Once the images are set aside, output the listing exactly as it stands.
Data section START
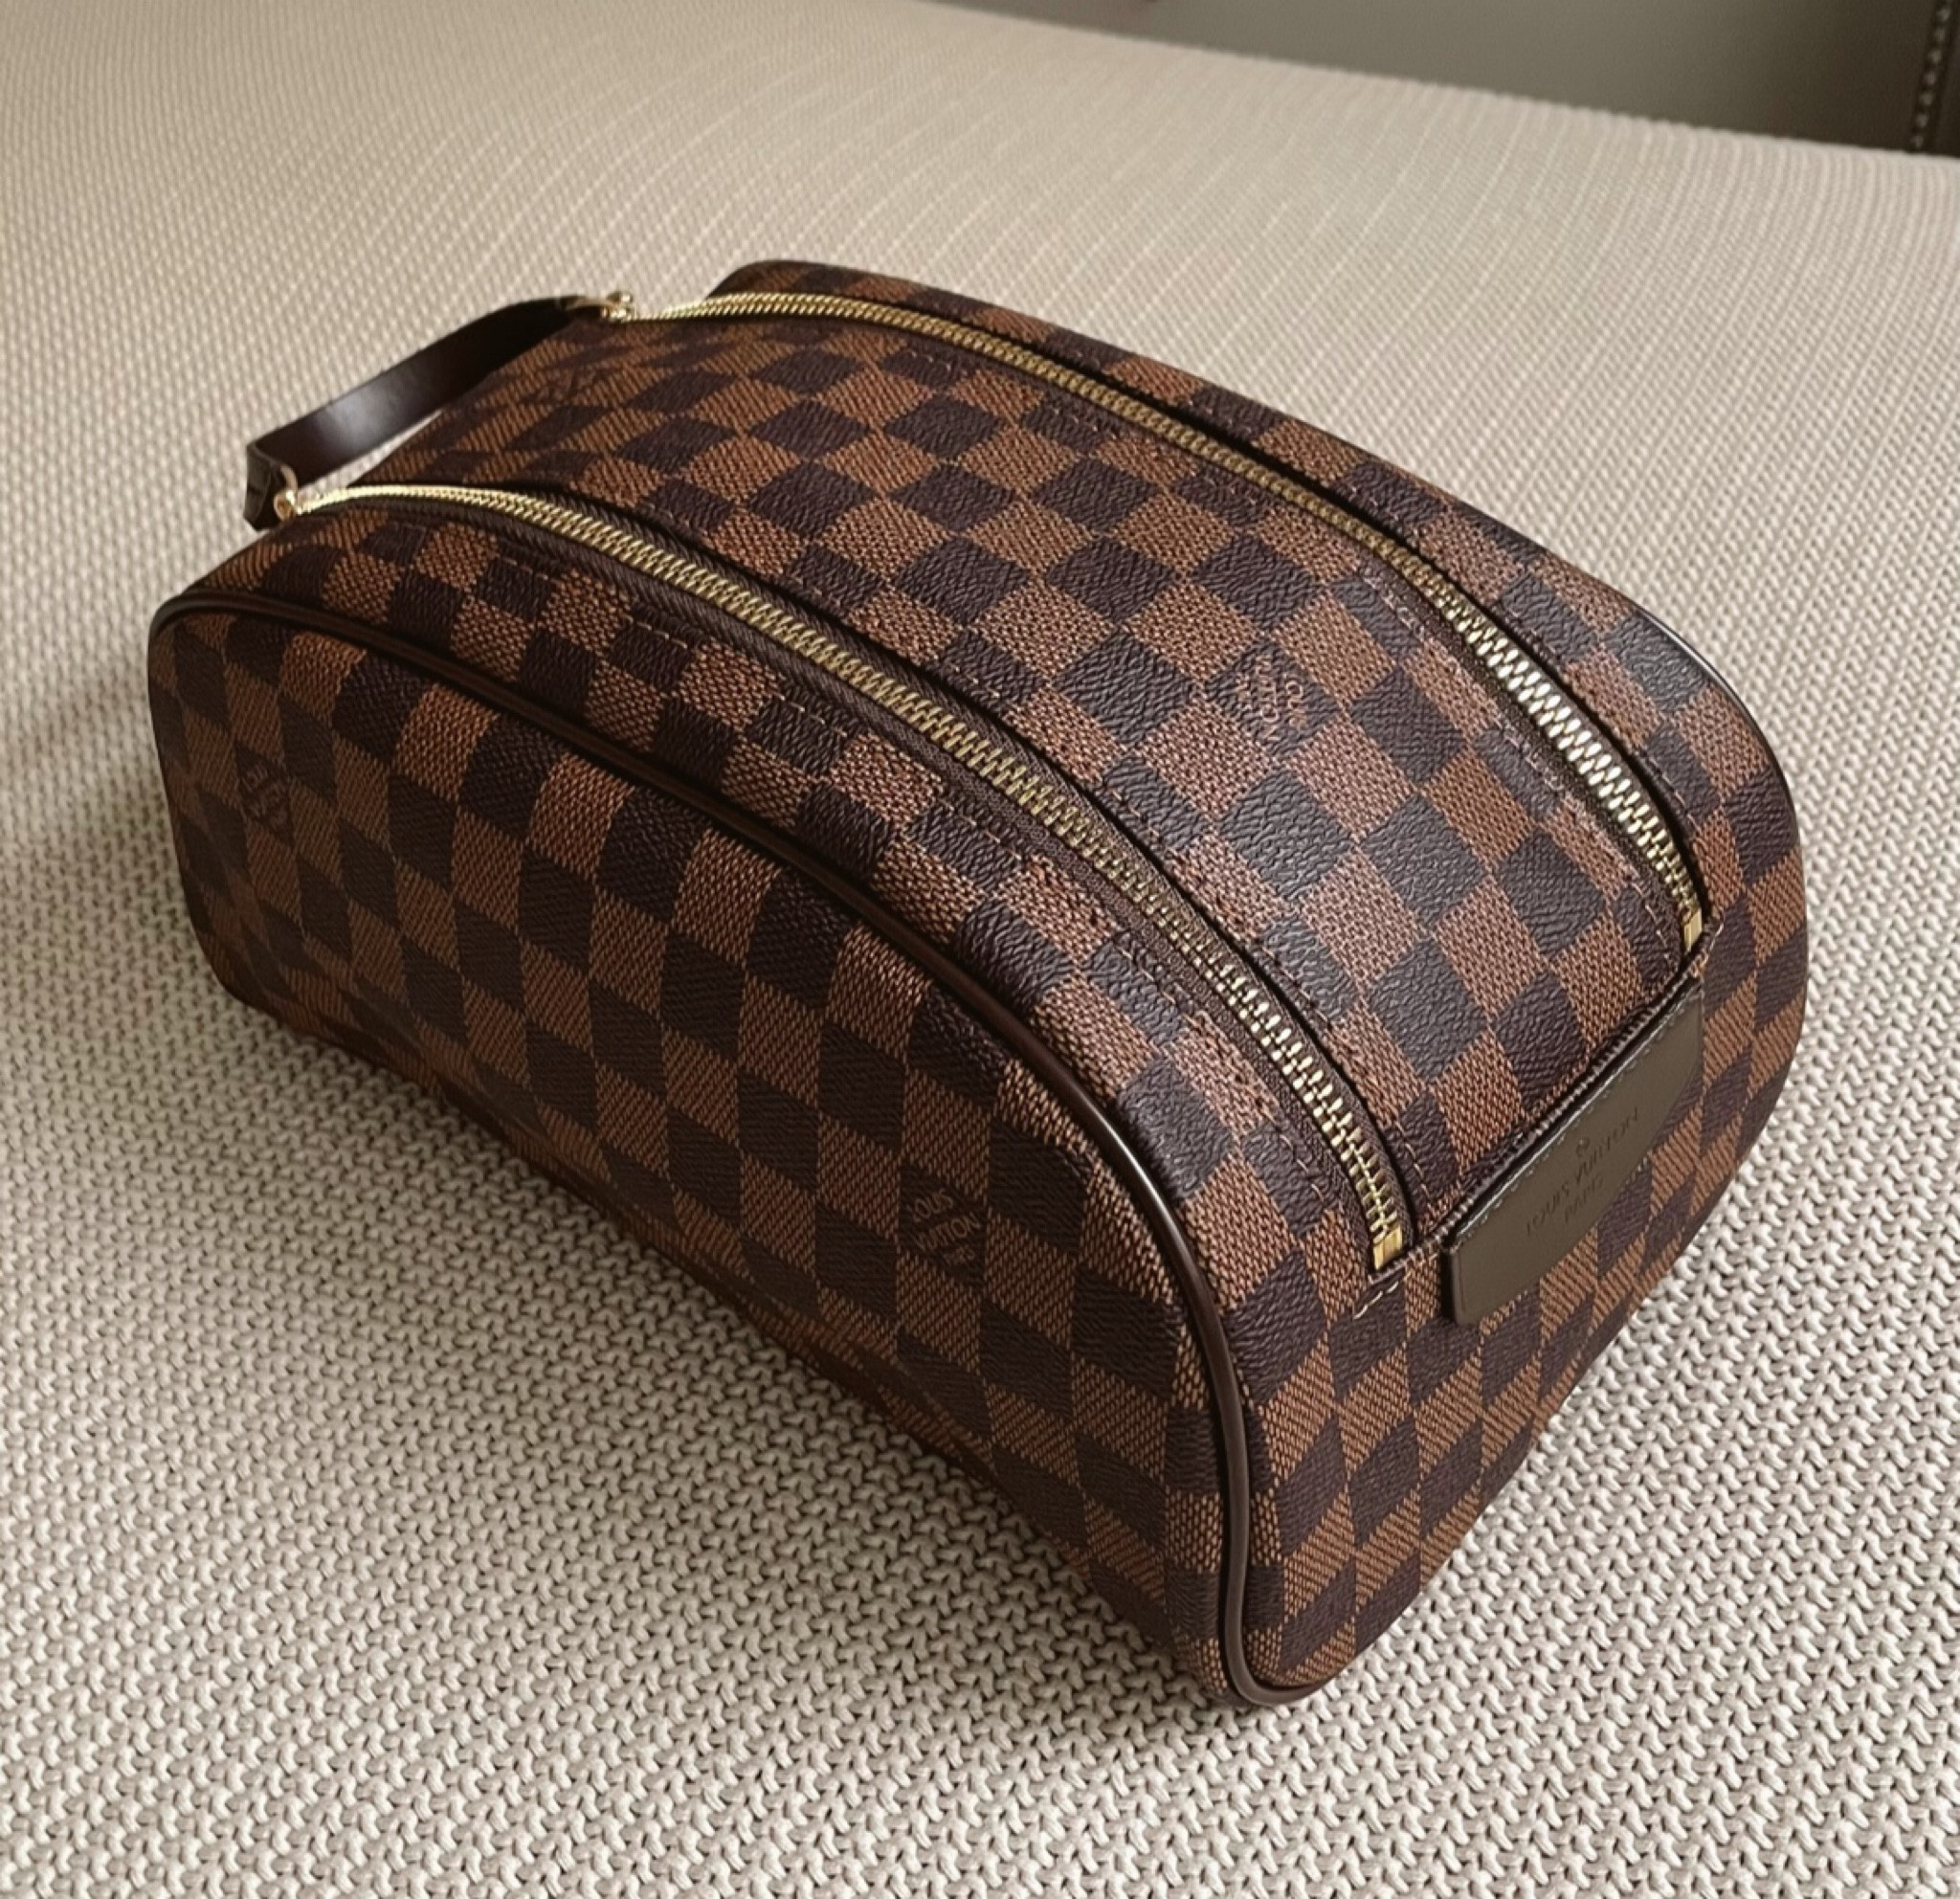 LOUIS VUITTON cosmetic bag KING SIZE toiletry bag, collection
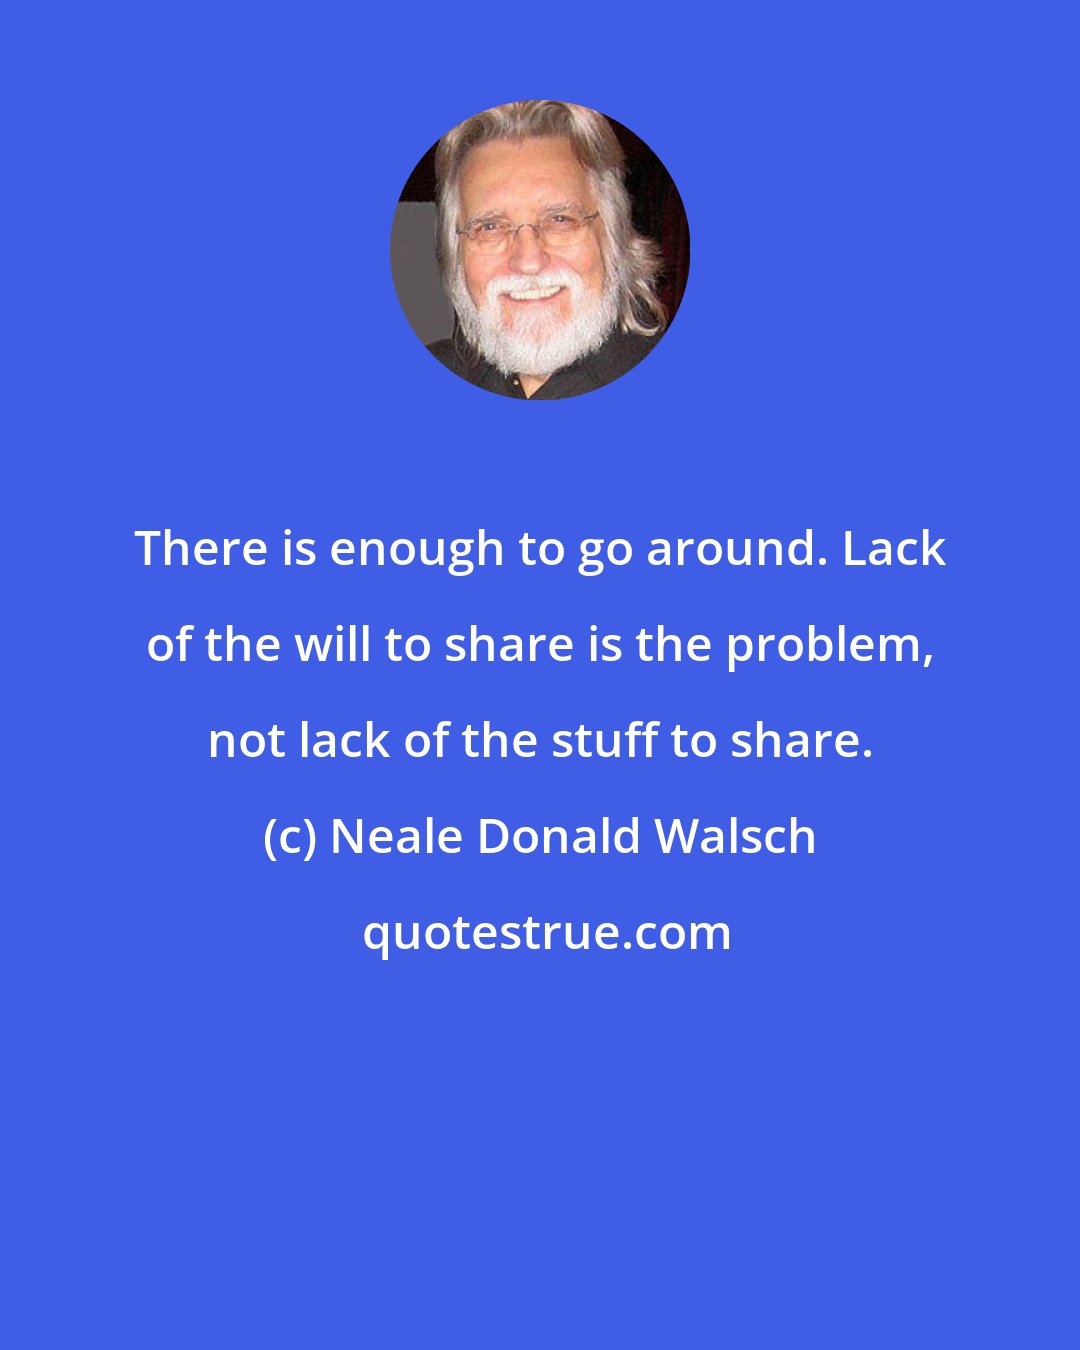 Neale Donald Walsch: There is enough to go around. Lack of the will to share is the problem, not lack of the stuff to share.
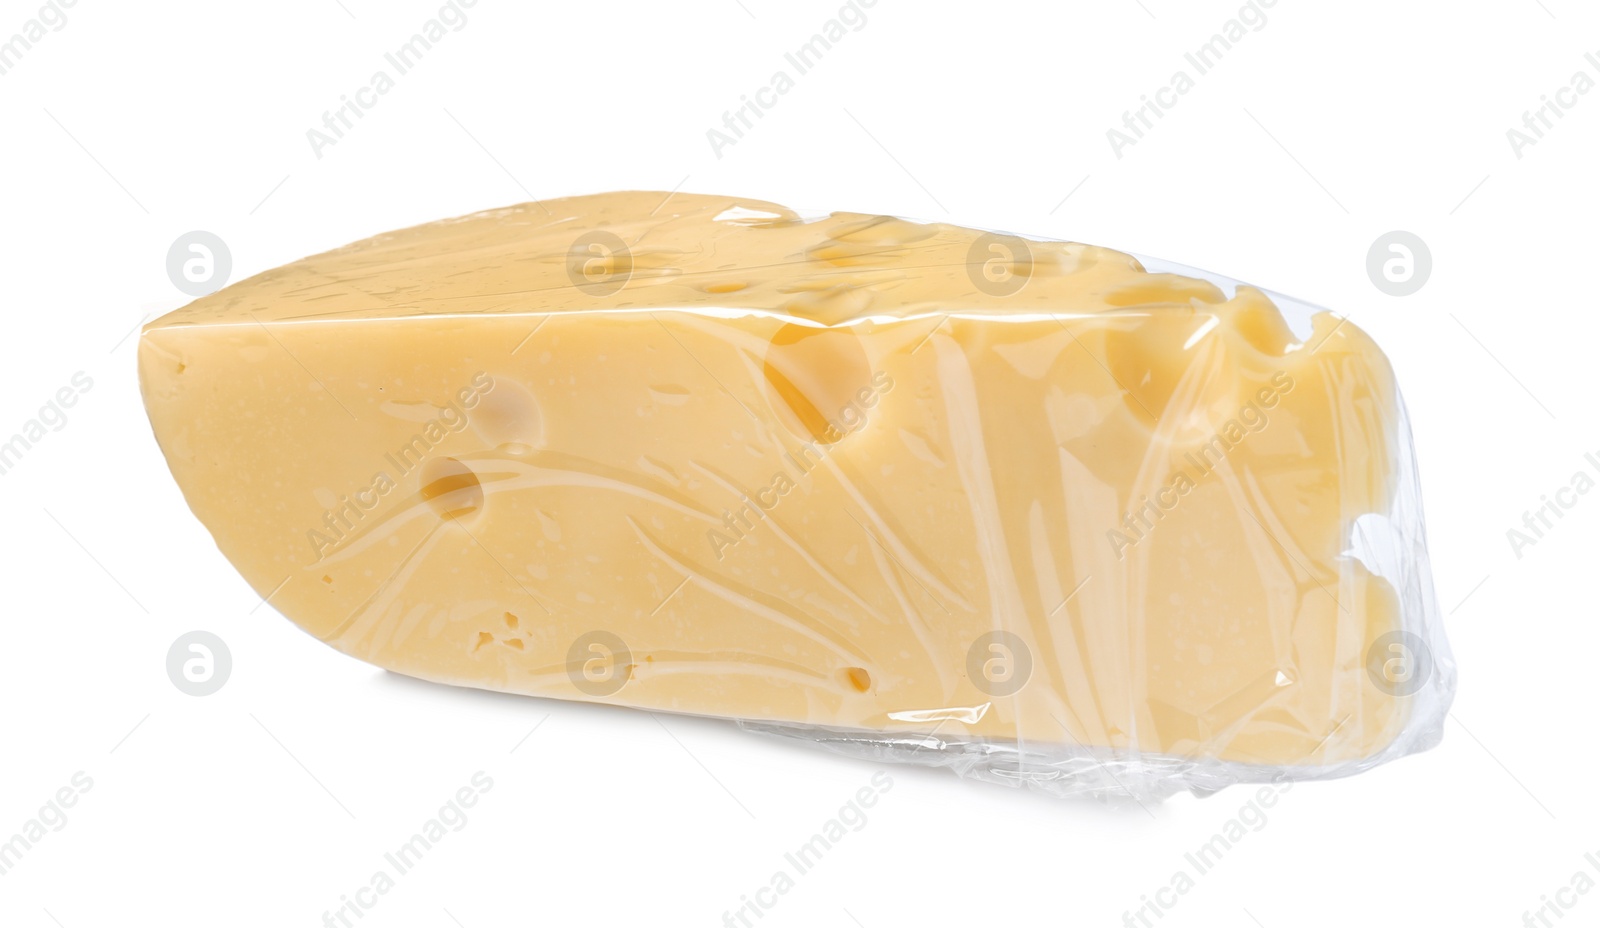 Photo of Cheese wrapped with transparent plastic stretch film isolated on white
Data section END
> **Solution to the problem**:
 LOUIS VUITTON cosmetic bag KING SIZE toiletry bag, collection
 Neale Donald Walsch: There is enough to go around. Lack of the will to share is the problem, not lack of the stuff to share.
 Photo of Cheese wrapped with transparent plastic stretch film isolated on white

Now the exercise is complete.